Computersimulationen

Computersimulationen zielen darauf ab, Aspekte der menschlichen Funktionsweise nachzuahmen. Eine bestimmte kognitive Theorie kann in einem Computerprogramm implementiert sein. Wenn das Programm erfolgreich ausgeführt wird und Ergebnisse liefert, die menschlichen Reaktionen ähneln, könnte man den Schluss ziehen, dass die Theorie kohärent und plausibel ist.
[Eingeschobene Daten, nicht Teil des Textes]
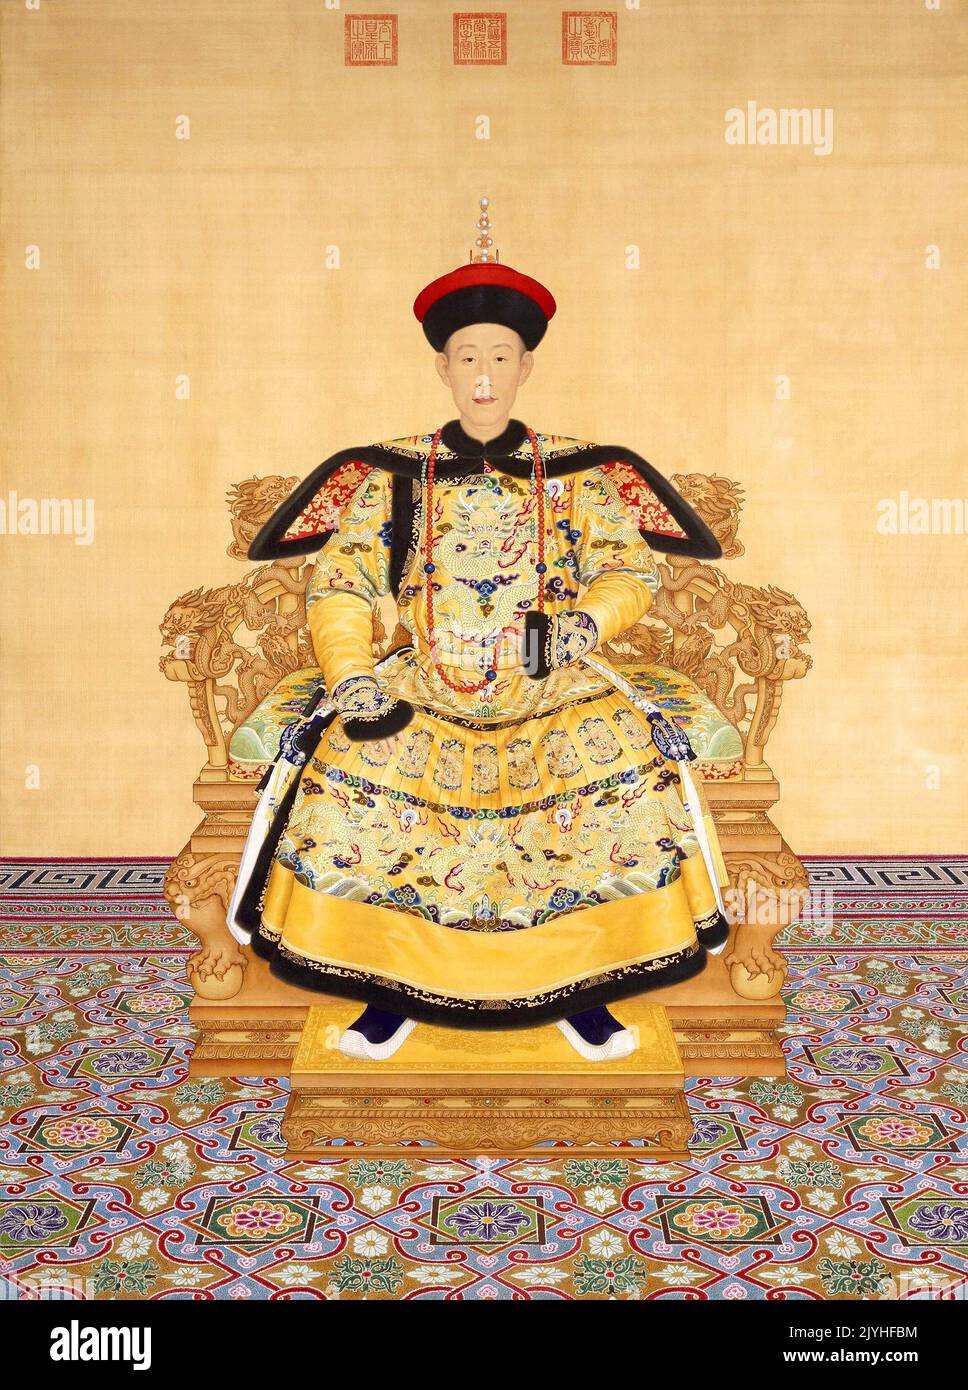 China: Der junge Kaiser Qianlong (25. September 1711 - 7. Februar 1799) im ersten Jahr seiner Herrschaft. Hängende Schriftrolle von Giuseppe Castiglione (19. Juli 1688 - 17. Juli 1766), 1736. Der Qianlong-Kaiser, Geburtsname Hongli, war der fünfte Kaiser der von Mandschu geführten Qing-Dynastie und der vierte Qing-Kaiser, der über China selbst regierte. Der vierte Sohn des Yongzheng-Imperators regierte offiziell von 1736 bis 1795. Am 8. Februar (dem ersten Tag des Mondjahres) gab er zugunsten seines Sohnes, des Jiaqing-Imperators, ab. Stockfoto

Anwendung der kognitiven Psychologie

Die kognitive Psychologie ist der Zweig der Psychologie, der sich mit dem Studium der höheren mentalen Ebene befasst Prozesse. Einige der Bereiche, in denen dieser Zweig seine Anwendung in der realen Welt findet, sind als aufgeführt

folgt –

  • Menschlicher Fehler
  • Fahrverhalten
  • Produktdesign
  • Visuelles Verhalten
  • Objekt- / Gesichtserkennung
  • Mensch-Maschine-Interaktion

Bedeutung der kognitiven Psychologie

Es ist wichtig, die kognitive Psychologie zu studieren und zu untersuchen, um andere Menschen und ihre Gedankentechniken kennenzulernen. Die kognitive Psychologie schützt Bereiche wie Verbal, Lernen und Erinnern, Sprechen sowie das Speichern und Abrufen von Material. Aktionen werden als Ergebnis des Empfangs und des Verständnisses von Informationen ausgeführt, und einzelne Abweichungen können von Person zu Person erheblich variieren. Kognitive Psychologen arbeiten mit Patienten zusammen, um ihnen zu helfen, ihre Denkprozesse zu verstehen, damit sie optimistische Verhaltensänderungen vornehmen können. Wenn eine einzelne Person ihre eigene kognitive Technik erkennt, kann sie ihre Gedanken untersuchen, bevor sie eine Entscheidung trifft.